Le besoin de managers de transition existait-il déjà et pensez-vous que cela durera ?

Selon moi, la crise n’a fait qu’accentuer un mouvement qui est né avant le confinement. La tendance au recours d’un manager de transition « à la carte » existait déjà, mais elle a été renforcée par les incertitudes que réserve l’avenir économique. Je pense que ce besoin va encore grandir et que la tendance, qui ira croissante, sera pérenne, pour le dernier trimestre 2020 et en 2021, au moins.

Quelles compétences sont particulièrement recherchées par les entreprises ?

Pour le moment, la demande porte sur des personnes compétentes en M&A en premier lieu. Les entreprises réalisent beaucoup d’acquisitions, il y a de nombreuses cessions et restructurations. Ensuite, c’est dans le secteur de la data protection que les entreprises recherchent des profils. Elles veulent renforcer les contrats de ce point de vue. Enfin, les questions de compliance et de lutte anti-blanchiment préoccupent beaucoup, avec l’entrée en vigueur de la loi Sapin 2. En ce qui concerne les secteurs d’activité, c’est dans le secteur de la santé que les besoins sont importants. Dans le secteur social, la demande n’est étonnamment pas très importante, mais il faut dire que les DRH n’ont pas souvent les ressources pour recruter des managers de transition. Cela commence un peu à frémir au niveau des relations sociales, car des plans sociaux se préparent.

Quelles évolutions notables avez-vous notées concernant la rémunération des managers de transition ?

La courbe va en décroissant. Les entreprises ont certes d’importants besoins, mais elles cassent les prix et n’hésitent pas à étudier d’autres possibilités comme des recrutements internes, car elles sont budgétairement contraintes. Il faut aussi dire qu’avant le confinement, il y avait sur ces matières une pénurie de candidats. C’est un peu moins vrai aujourd’hui. Mais en ce qui concerne les candidats, nous sommes également dans une phase « entre deux ». Pour le moment nous n’avons pas encore de personnes qui étaient en CDI et qui ne parviennent pas à en retrouver un autre, mais ces candidats vont progressivement arriver sur le marché. Les profils recherchés sont des seniors expérimentés, opérationnels, passés dans différents grands groupes et autonomes. Ils doivent avoir ce que l’on appelle une autorité naturelle. Surtout, ils doivent être en mesure de travailler au sein d’un environnement pressurisant. Des skippers capables de naviguer dans la tempête. Il y a dix ans, nous étions plutôt sur des quinquagénaires, mais la moyenne d’âge a aujourd’hui un peu baissé et les profils-types ont 45-55 ans. Les managers de transition, en juridique, sont plus souvent des femmes, car cette façon de travailler est plus facile à mettre en place auprès d’elles. Cela est moins vrai en fiscalité. La durée des contrats varie de 6 à 12 mois et là, on constate une évolution, avec des missions de plus en plus longues. La moyenne est actuellement de douze mois, le plus souvent, six mois renouvelés une fois.

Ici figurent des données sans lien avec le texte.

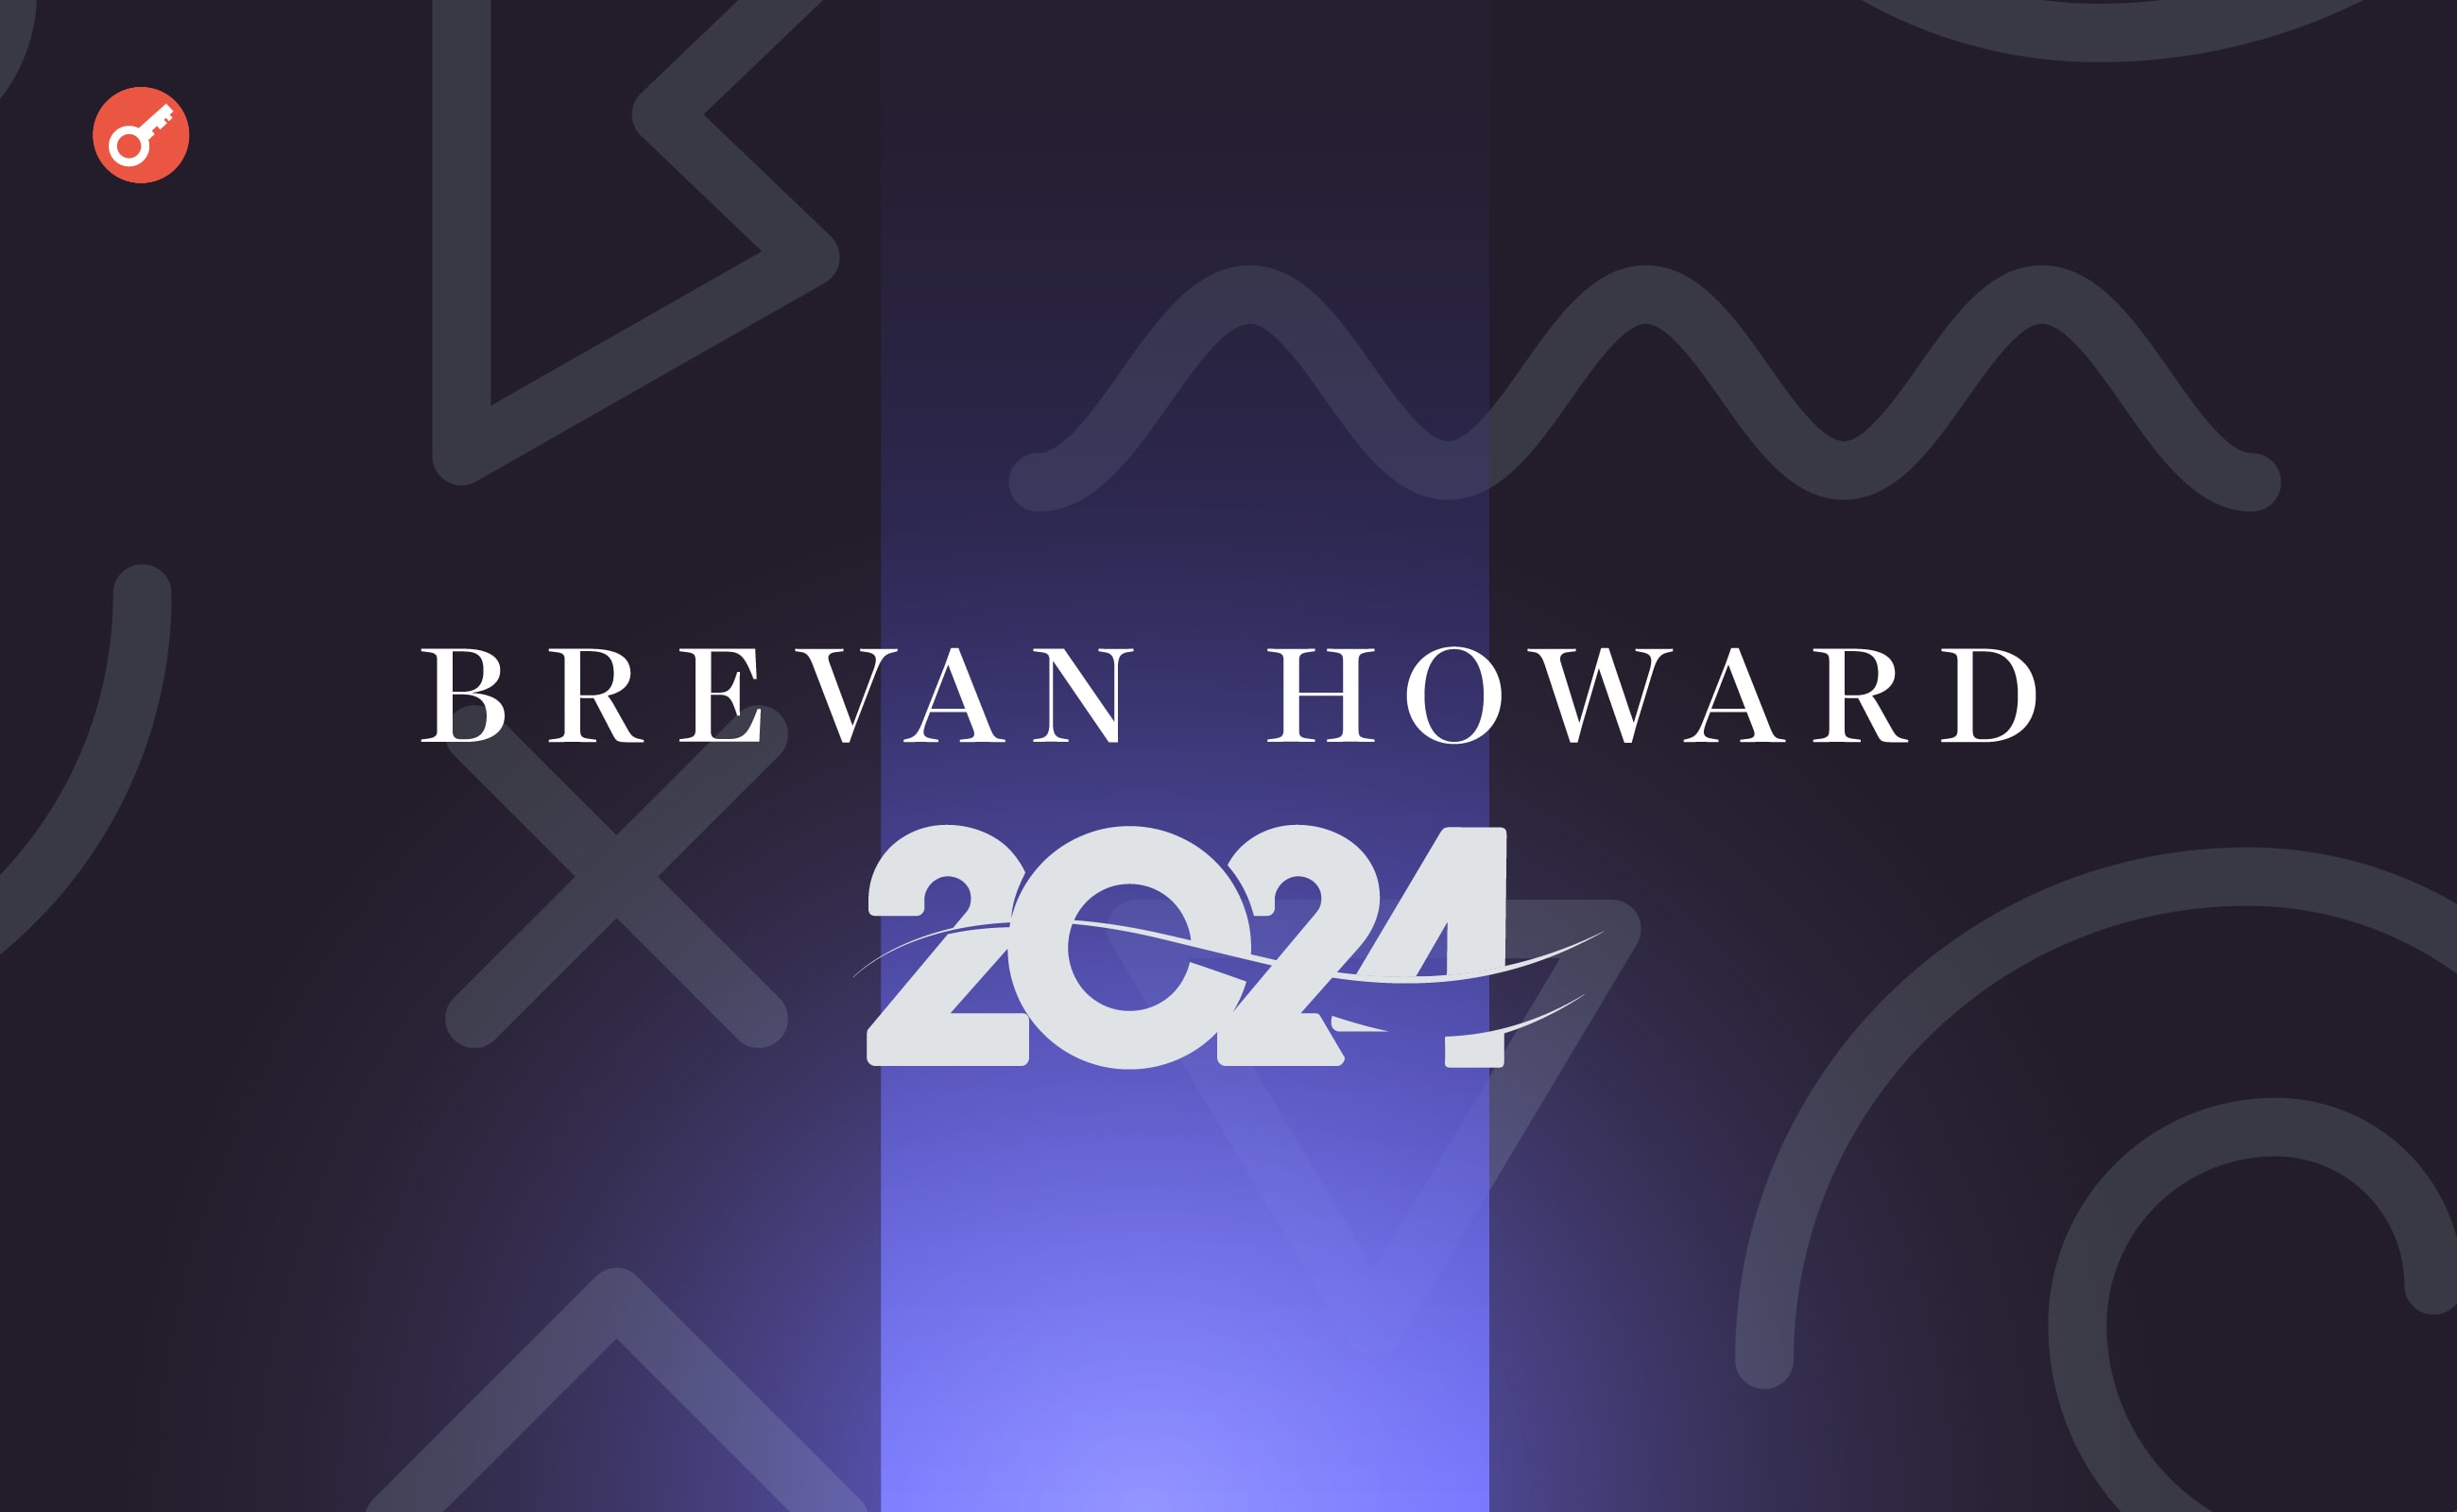 Эксперты Brevan Howard поделились прогнозом по крипторынку на 2024 год. Заглавный коллаж новости.
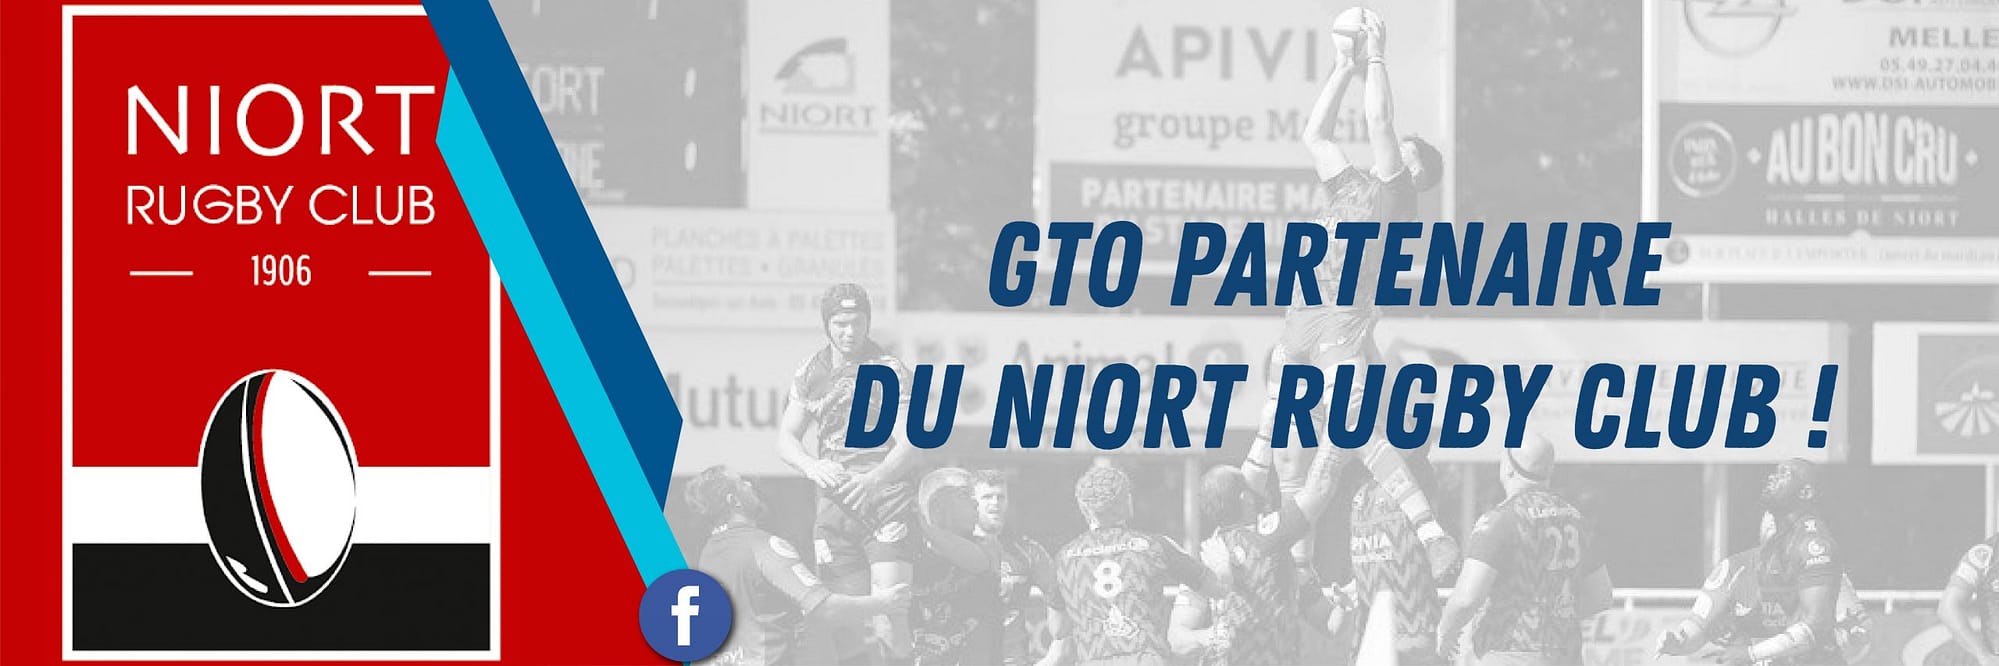 Le Niort Rugby Club partenariat

Quels conseils pourriez-vous donner aux personnes qui voudraient se lancer dans l’activité de manager de transition ?

L’activité en management de transition est contra cyclique, ce qui veut dire que nous en récoltons encore davantage les fruits en temps de crise. Il faut être prêt à sauter le pas et être dans la posture et l’état d’esprit idoine pour cette activité, qui ne doit pas être exercée faute de mieux. Cela ne doit pas être alimentaire ou s’assimiler à de l’intérim. C’est davantage ceci qu’il faut garder à l’esprit, plutôt qu’une question de timing pour se lancer. Le premier critère de motivation pour exercer cette activité n’est pas la rémunération, mais plutôt la volonté réelle d’apporter des solutions aux entreprises.